Boldness and risk-taking: Trump loves taking risks; unfortunately for the American people, he has a history of taking the wrong ones. America has long suffered for its exceptionalism, and with Trump’s personal sense of exceptionalism thrown into the mix, the combination is literally lethal. Certainly the USA’s hypocrisy is bold: it purchased ventilators from a Russian company it had blacklisted, while aggressively withholding ventilators and other medical supplies from countries it’s trying to pressure into regime change, such as Cuba and Nicaragua.
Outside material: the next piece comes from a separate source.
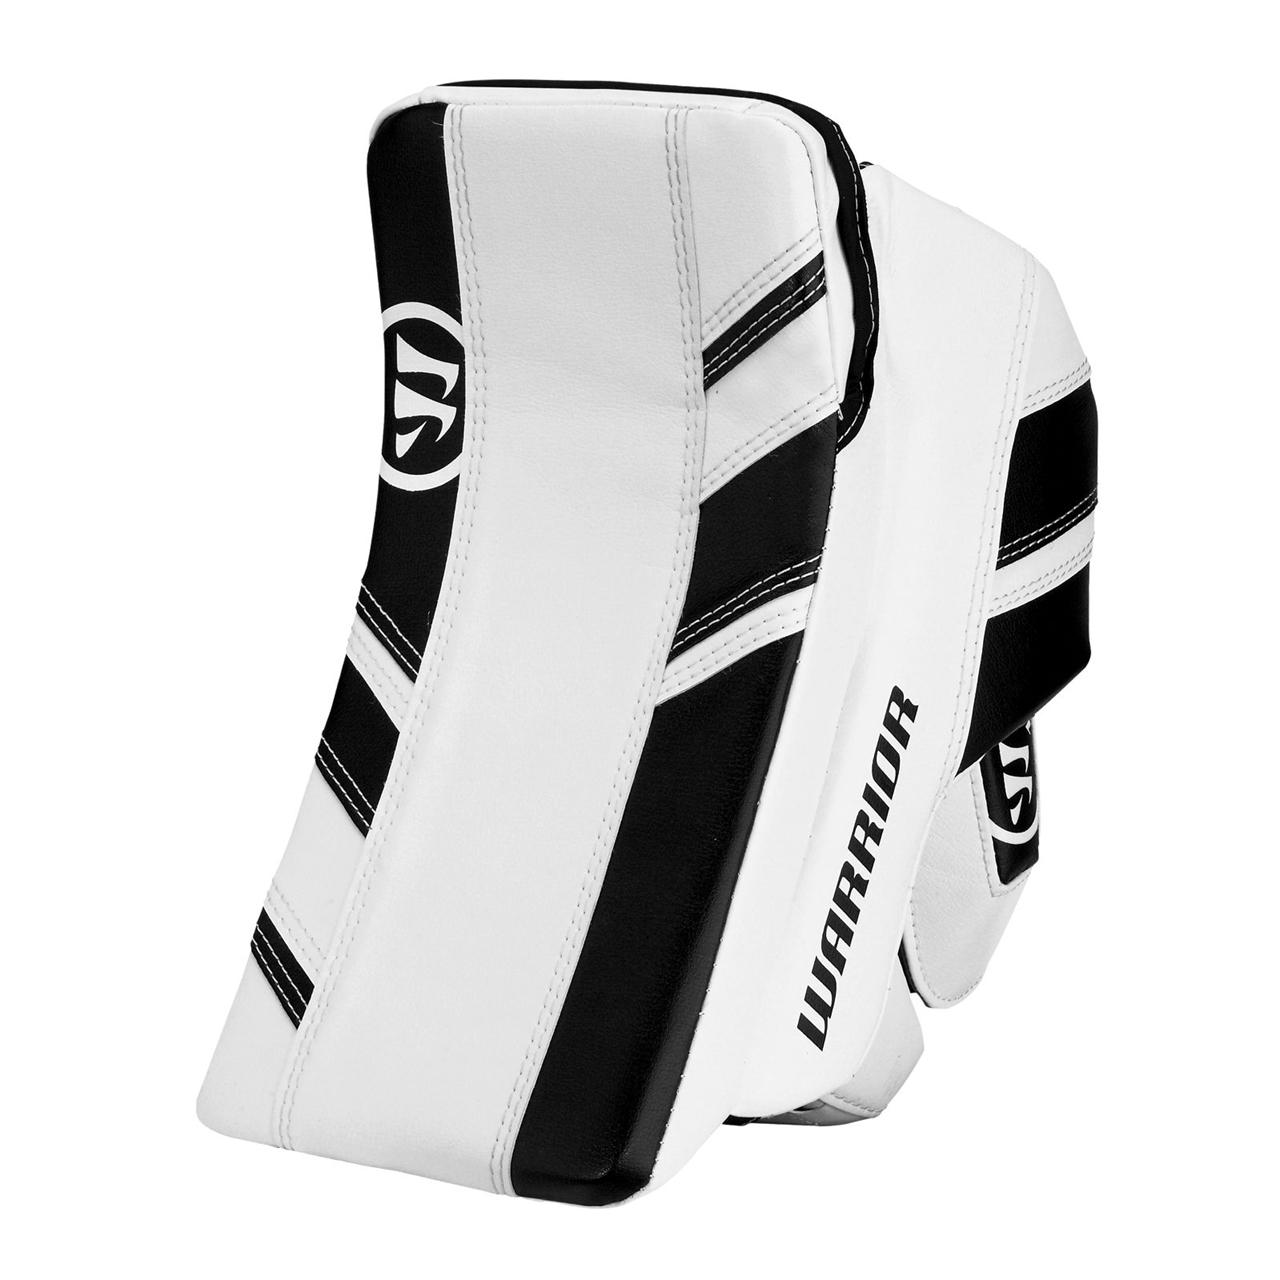 Warrior Ritual G3 Goalie Blocker Intermediate - Hockey eu

Score 3/10

Success in saving lives: The countless healthcare professionals valiantly battling the virus have been let down by their president, who – along with the country’s deeply conservative media – is squarely to blame for downplaying the virus when it mattered most. 41,000 deaths in the world’s richest country is deeply shameful. Score 2/10

OVERALL SCORE: 20/70

 

The fact that 1 in 10 Americans is unemployed is not good news for Trump given the upcoming November election, though his defeat is certainly not a foregone conclusion. Fox News, an unwavering propaganda machine for the GOP, will do its best to downplay Trump's abysmal response while smearing his rival Joe Biden. Trump's own chief propaganda channel, his Twitter account, is still inspiring fervour among his fans. And major national crises often lead to support for the incumbent for reasons of perceived stability. Perhaps the electorate will opt for Biden, a relic of the stable Obama years; or perhaps they'll opt once again for the strongman in the wake of national danger. We will have to wait and see.